For Bartels, a fellow Wisconsinite, the Bloody Mary was the first drink he ever learned to make. “They treat the Bloody Mary in a very sacred way,” says Bartels. The Midwestern Bloody Mary has been best known for always being served with a beer chaser, which Faiola believes evolved from the Prohibition practice of mixing beer with tomato juice. But when you look at the kinds of things that tend to populate today’s Brobdingnagian Bloody Marys—burgers, cheese skewers, pickled vegetables—it’s hard to miss the culinary heritage of the region.

The heartland approach represents just one of the drink’s many contemporary identities. The Bloody Mary is not an “either/or” drink—it’s an “and” drink. It inspires multiplicity, whether in origin stories or ingredients, evolving with the times, taking a bit of this vogue, a little of that decade. Already, the garnish arms race seems to be slowing—after all, where do you really go after someone drops the mic with a four-pound fried chicken?

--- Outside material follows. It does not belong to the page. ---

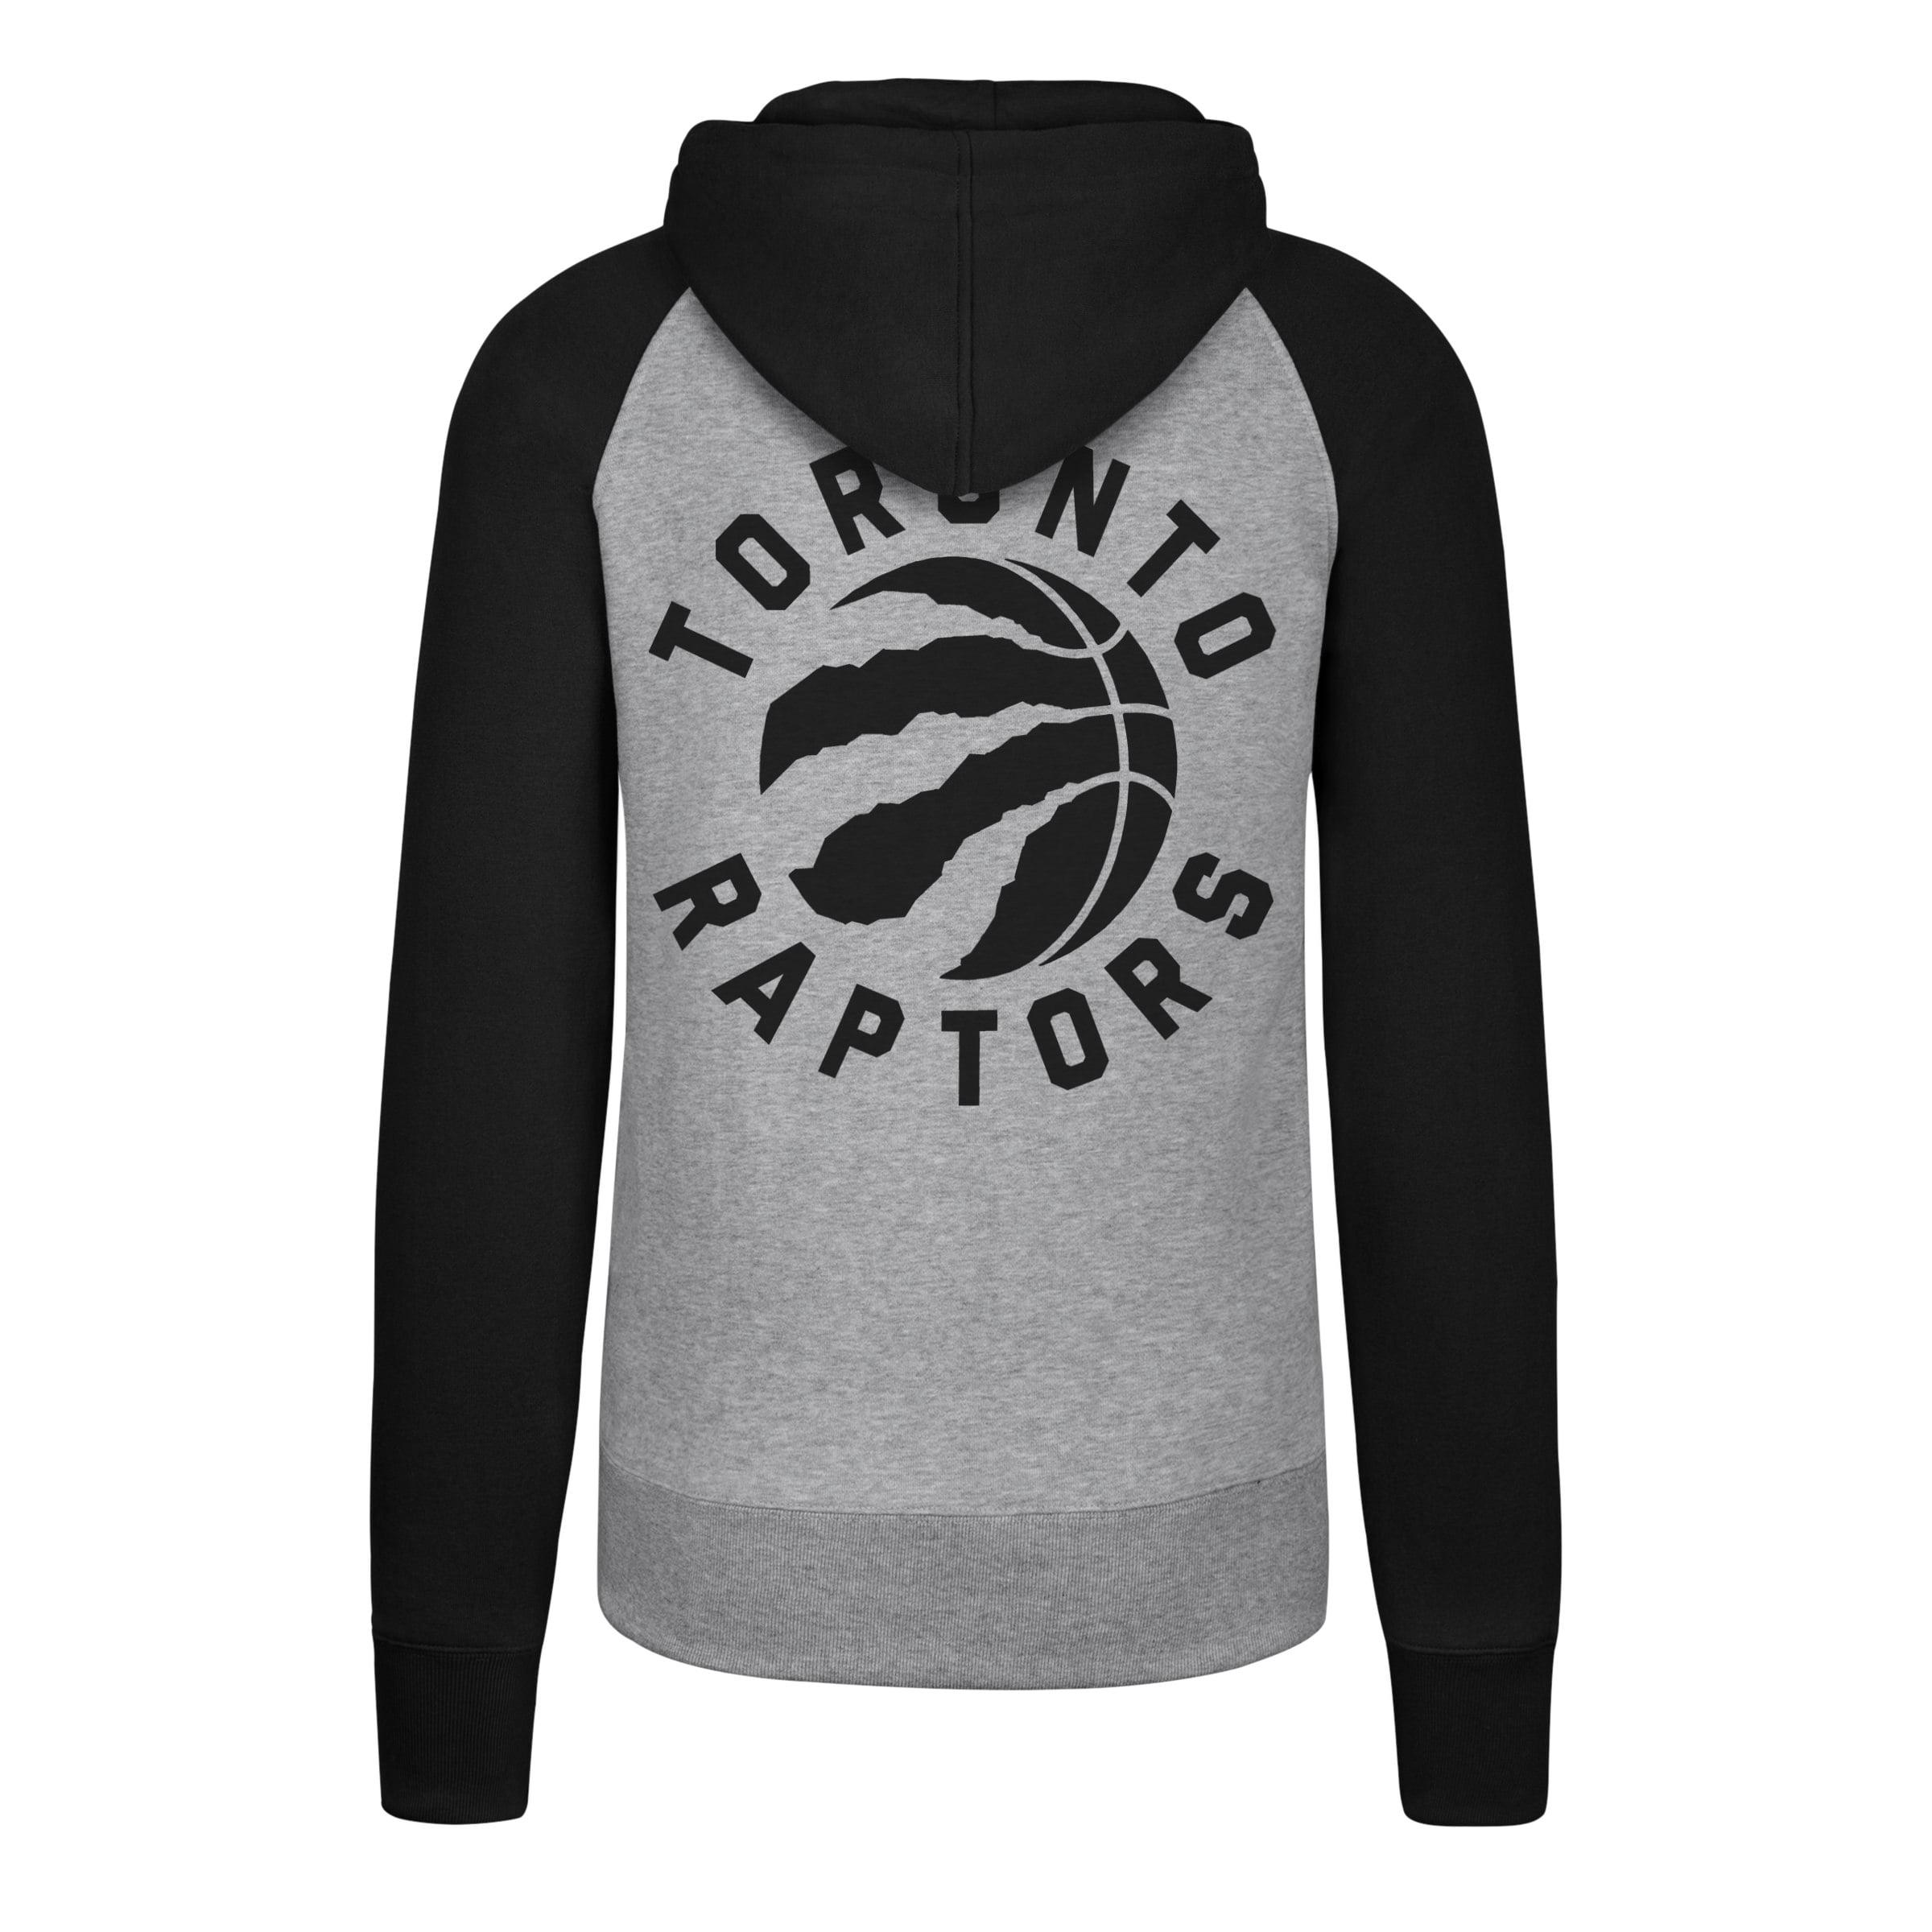 new styles 47980 c5c82 Toronto Raptors NBA Raglan Sport Hoodie | Walmart Canada

“I feel like, today, there’s a minimalism going on in terms of consumption, and food trends are following that,” says Ternikar. “Things are cyclical, like fashion. So there’s cycles where excess is good, and then you have a scaling back.”

Whether in the urbane ‘20s or the over-the-top aughts, the Bloody Mary appears to reflect those cycles. Like other American icons, it above all boasts a genius for reinvention. It, in the words of McGarry, is the “Madonna of cocktails.”